Possible tendency of polled cattle towards larger ears¤
Presumible tendencia del bovino aquerato hacia orejas de mayor tamaño
Possível tendência do gado sem chifres a ter orelhas maiores
Pere M Parés-Casanova*, Vet, PhD; Marta Caballero, Lic.
Department of Animal Production, University of Lleida, Lleida, Catalunya (Spain).
* Corresponding author: Pere M Parés-Casanova, Department of Animal Production, University of Lleida, Av. Alcalde Rovira Roure, 191, 25198-Lleida (Catalunya, Spain). Tel: +34 973706460, fax: +34 973702874. Email: firstname.lastname@example.org.
(Received: November 16, 2012; accepted: December 5, 2013)

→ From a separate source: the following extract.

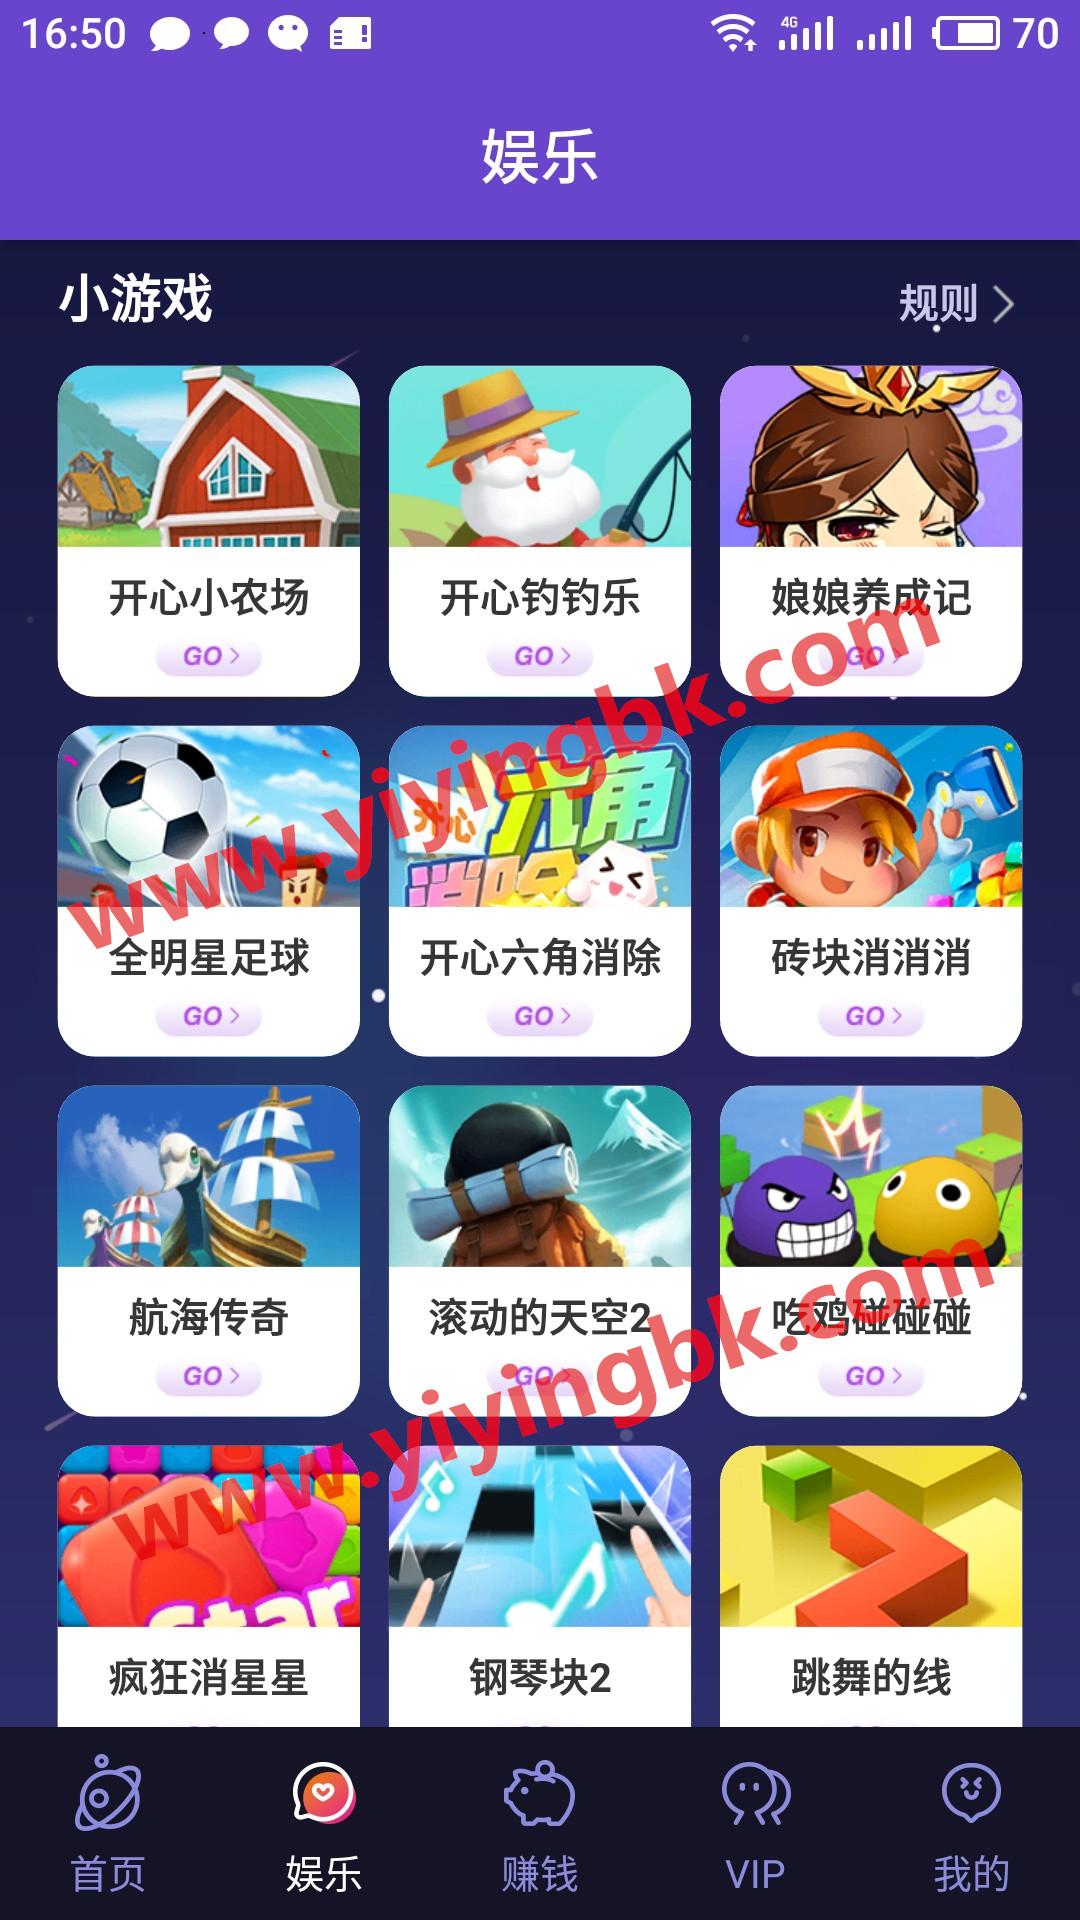 免费玩小游戏领红包赚钱,www.yiyingbk.com
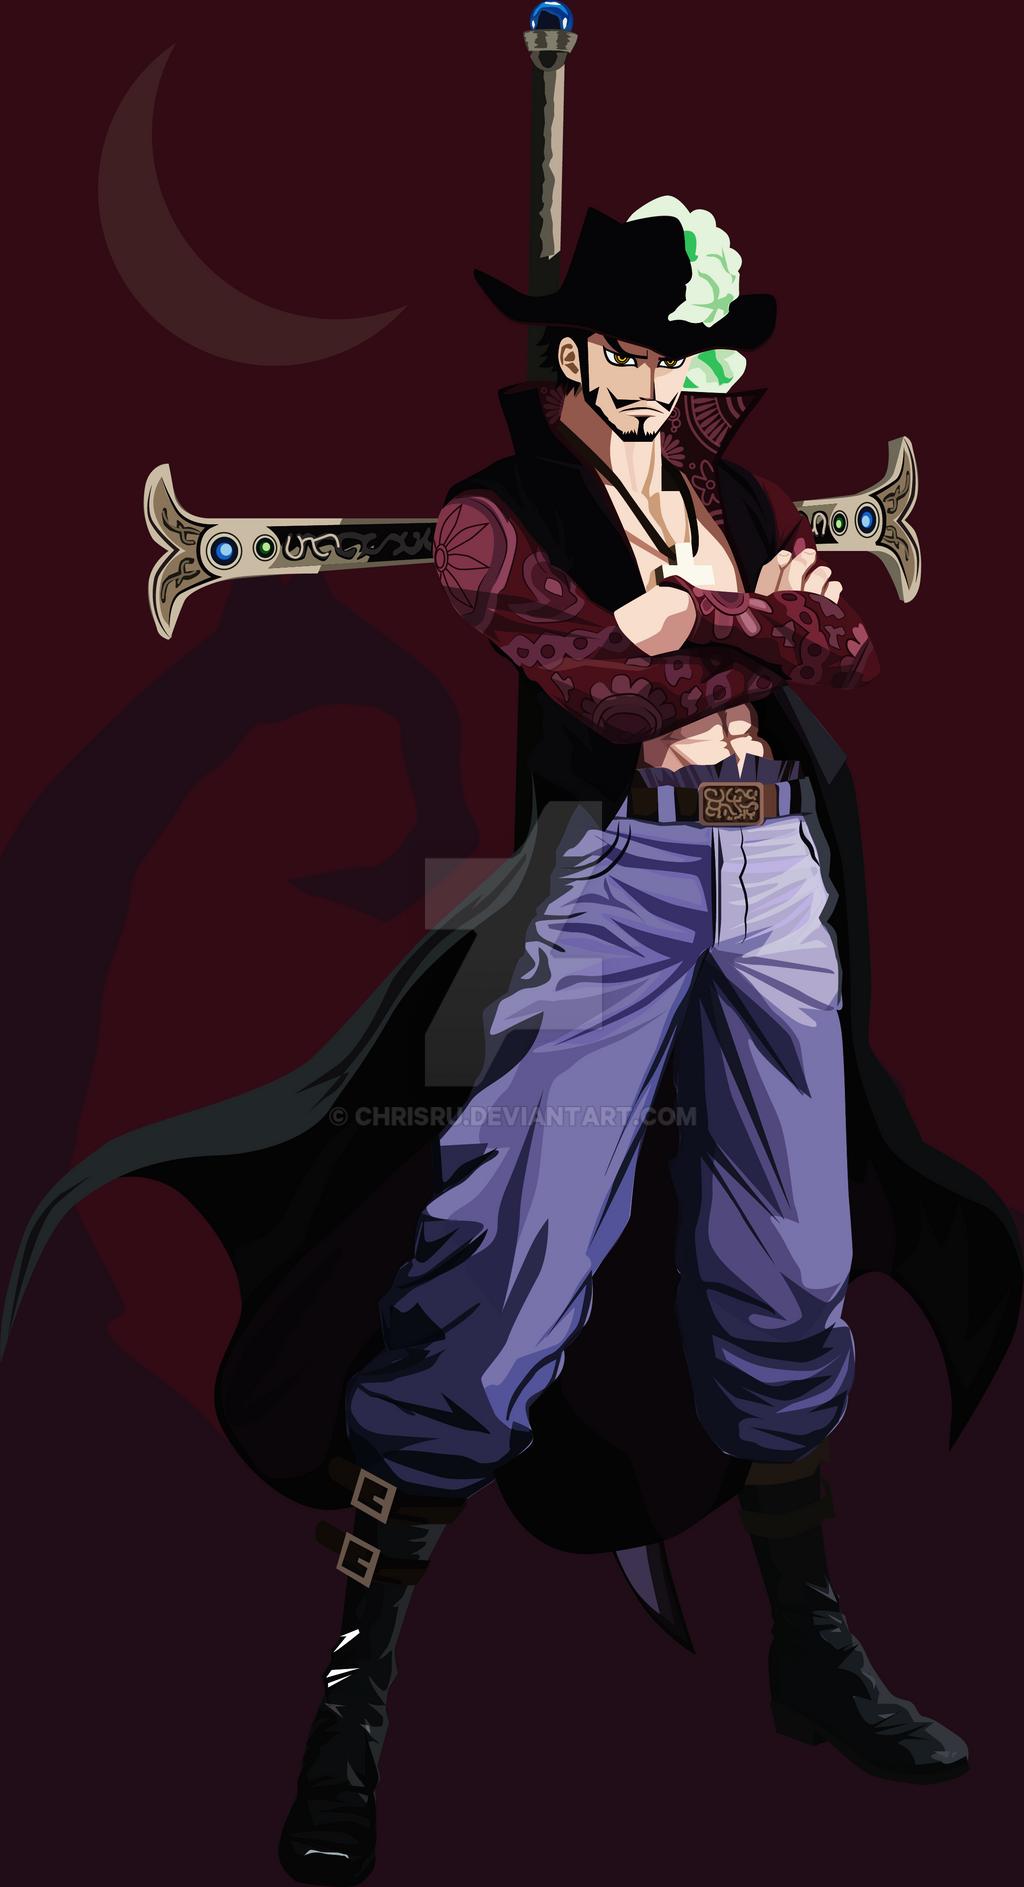 Dracule Mihawk (One Piece Fan art) by Chrisru on DeviantArt

Background: the anatomy and physiology of bovid horns are consistent with their thermoregulatory function. Objective: to evaluate a possible correlation between ear and horn size, as key factors for body thermoregulation. Methods: measurements of horns (length and perimeter) and ears (length and width) were obtained from forty-six Pyrenean Brown (Bruna dels Pirineus) beef calves. The sample was randomly distributed between horned (n=34) and polled (n=12) animals, aged 332 ± 56 days. Results: a negative correlation between ear and horn size was observed (p<0.05) and the multivariate clustering demonstrated a tendency of polled animals towards bigger ear size. Conclusions: according to these results, horns and ears contribute to thermoregulation; this function is not therefore solely a function of big or small horns, as has normally been stated to be the case. Although the sample is small, results would indicate an interesting hypothesis for future research.
Key words: Bruna dels Pirineus, heat stress, horns, Pyrenean Brown, thermoregulation.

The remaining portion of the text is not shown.